In the Logic App resource I have added:

  "identity": {
    "type": "SystemAssigned"
  }

This is how the connections part of the Logic app resource looks like:

      "$connections": {
        "value": {
          "azuredatafactory": {
            "connectionId": "[parameters('connections_azuredatafactory_externalid')]",
            "connectionName": "[parameters('connections_azuredatafactory_name')]",
            "connectionProperties": {
              "authentication": {
                "type": "ManagedServiceIdentity"
              }
            },
            "id": "[concat('/subscriptions/', subscription().subscriptionId, '/providers/Microsoft.Web/locations/francecentral/managedApis/azuredatafactory')]"
          }
        }
      }

And this is how the connector resource look like (I think I'm missing something here (?)):

{
  "type": "Microsoft.Web/connections",
  "apiVersion": "2016-06-01",
  "name": "[parameters('connections_azuredatafactory_name')]",
  "location": "francecentral",
  "kind": "V1",
  "properties": {
    "displayName": "[parameters('connections_azuredatafactory_displayname')]",
    "alternativeParameterValues": {},
    "parameterValueSet": {
      "name": "managedIdentityAuth",
      "values": {}
    },
    "statuses": [
      {
        "status": "Ready"
      }
    ],
    "api": {
      "id": "[concat('/subscriptions/', subscription().subscriptionId, '/providers/Microsoft.Web/locations/francecentral/managedApis/azuredatafactory')]"
    }
  }
}

The error message I get when trying to deploy this through Visual studio 2022 is:

Template deployment returned the following errors: Resource Microsoft.Logic/workflows 'logic-d365-dwh-01-ip-dev-rxlse' failed with message '{ "error": { "code": "WorkflowManagedIdentityConfigurationInvalid", "message": "The workflow connection parameter 'azuredatafactory' is not valid.

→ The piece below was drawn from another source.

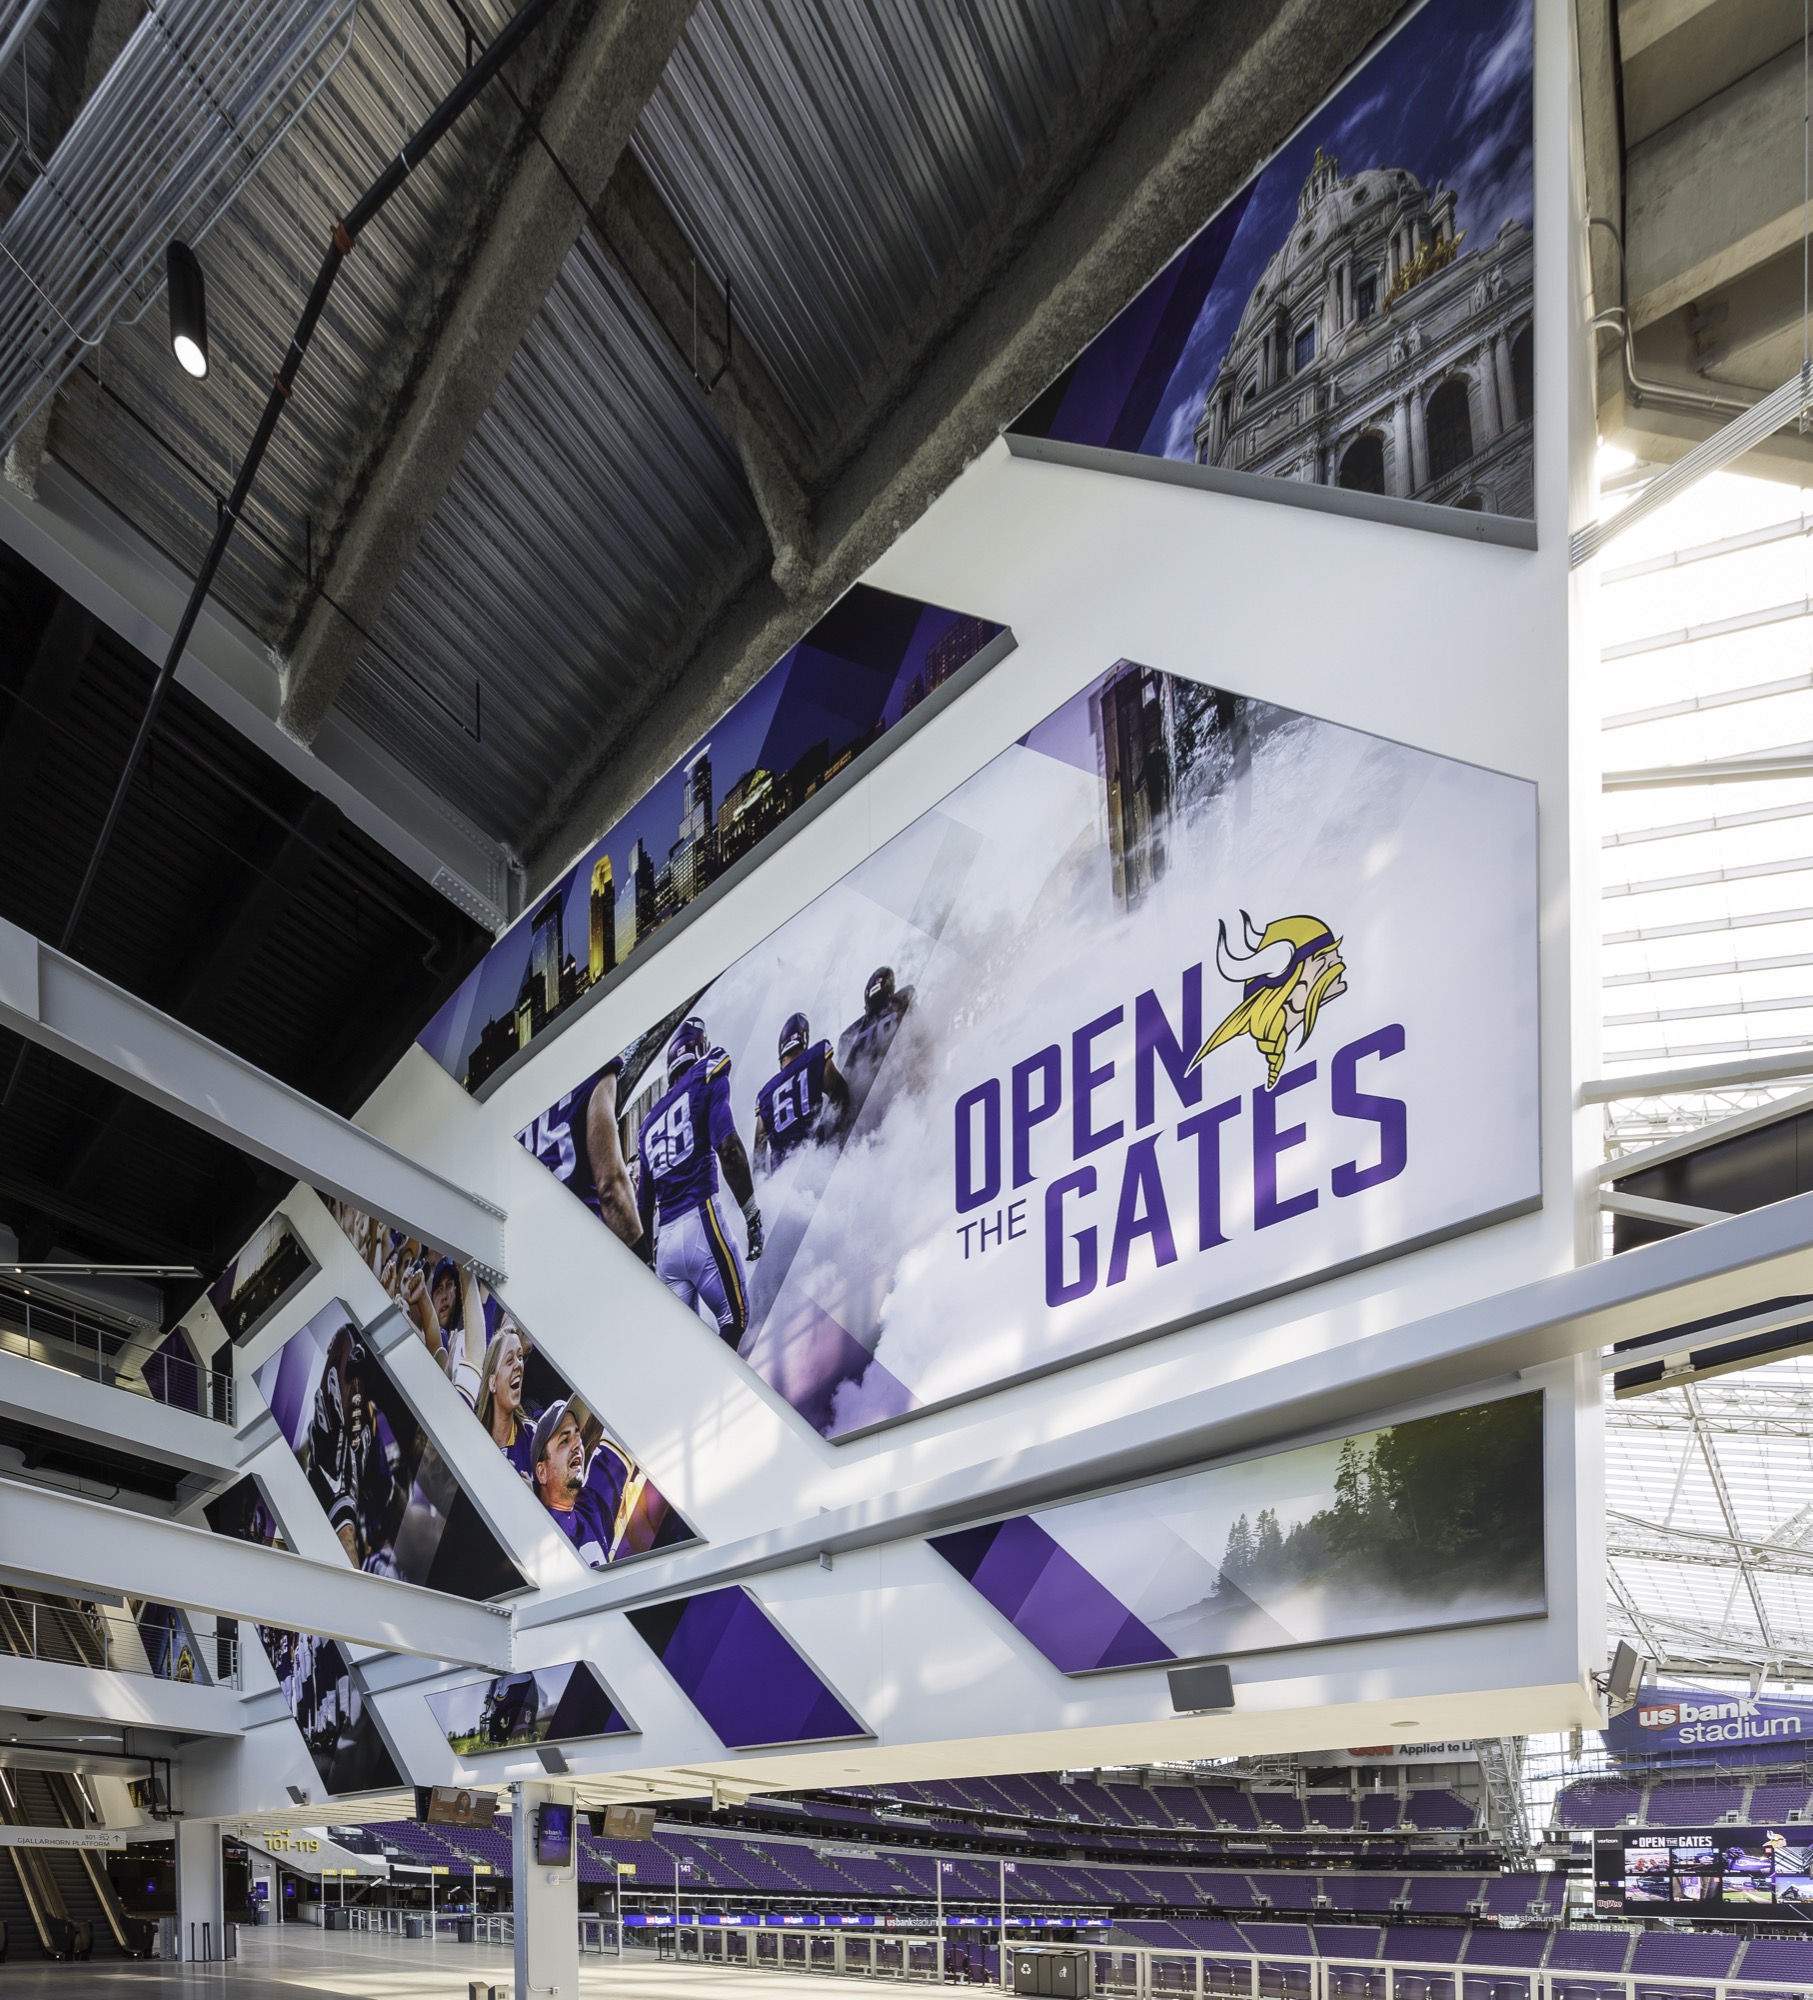 Very large Minnesota Vikings banner that reads "Open the Gates"

The API connection 'azuredatafactory' is not configured to support managed identity." } }'

Anyone who knows what the problem could be?

Answer 1

1)I have created azure logic App with 3 actions (http request, create ADF pipeline, response).

Here is the reference image:

2)Then to connect to ADF used system assigned managed identity & I have given access for logic App to create pipeline in ADF.

Here is the reference image:

3. Then I have tested in portal & it is succussed

4. Then I have exported ARM Template & downloaded.

5. Then in visual studio I have created new project of type Azure resource group then I have edited logicapp.json & logic app parameters file based on template.

6. Then I have deployed it and it is succussed.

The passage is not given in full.